- Born: Benjamin David Zablocki January 19, 1941 Brooklyn, New York, U.S.
- Died: April 6, 2020 (aged 79) New Jersey, U.S.
- Occupation: Professor of Sociology

Academic background
- Education: (BA), (PhD)
- Alma mater: Johns Hopkins University

Academic work
- Discipline: Sociologist
- Sub-discipline: Sociology of religion; Charismatic movements; Cults; Brainwashing;

= Benjamin Zablocki =

American sociologist (1941–2020)

Benjamin David Zablocki (January 19, 1941 – April 6, 2020) was an American professor of sociology at Rutgers University where he taught sociology of religion and social psychology. He published widely on the subject of charismatic religious movements, cults, and brainwashing.

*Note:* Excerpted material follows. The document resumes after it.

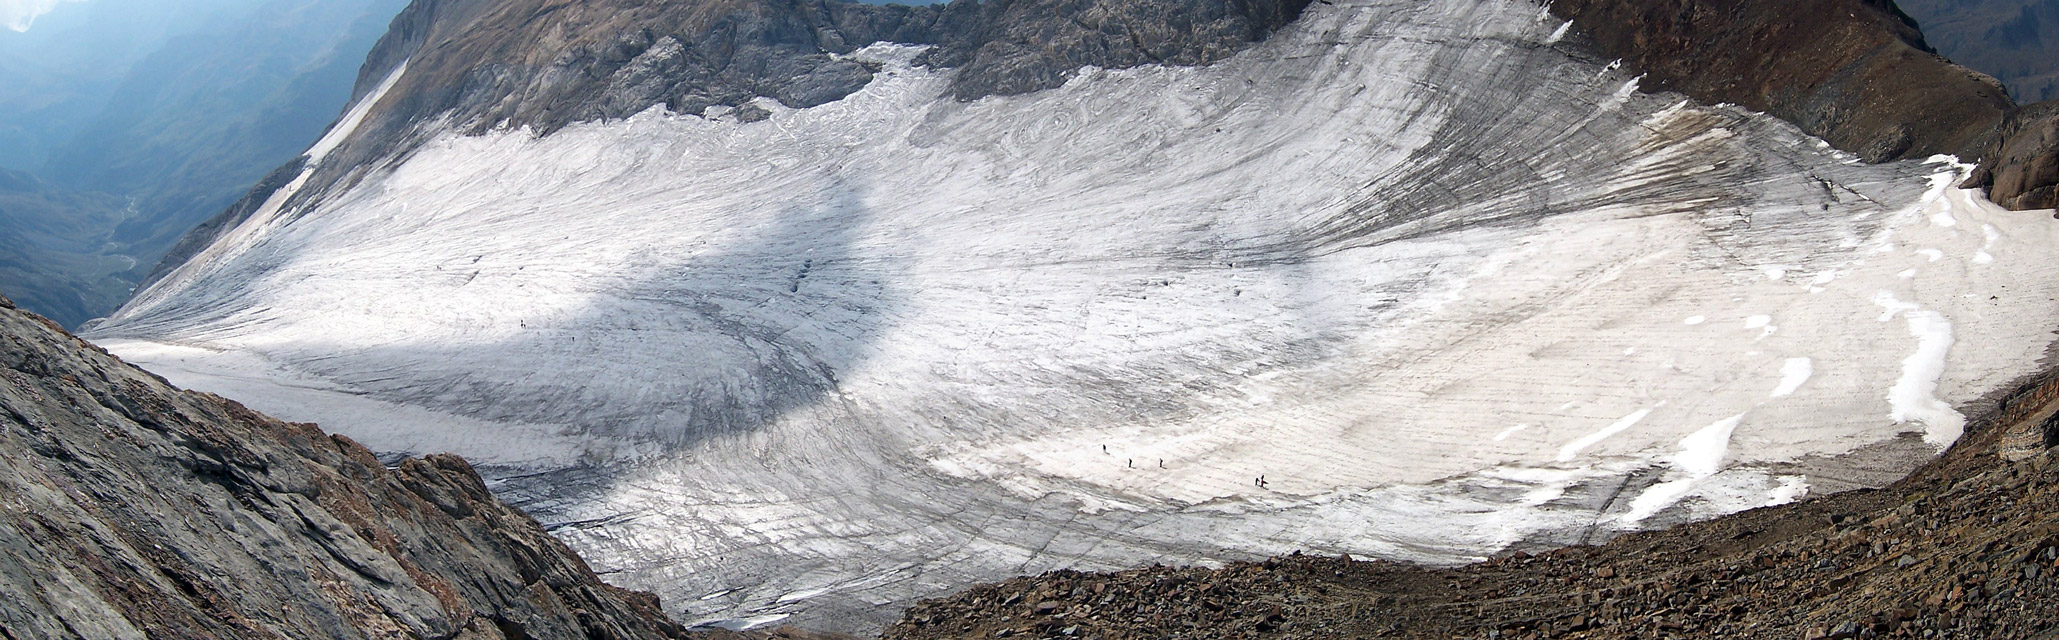 Vista del glaciar del Vignemale desde el Grand Vignemale (3298 m)

== Early life and education ==
Born in Brooklyn, New York on January 19, 1941, Zablocki received his B.A. in mathematics from Columbia University in 1962 and his Ph.D. in social relations from the Johns Hopkins University in 1967, where he studied with James S. Coleman.

== Career ==
Zablocki was the Sociology department chair at Rutgers University. He published widely on the sociology of religion.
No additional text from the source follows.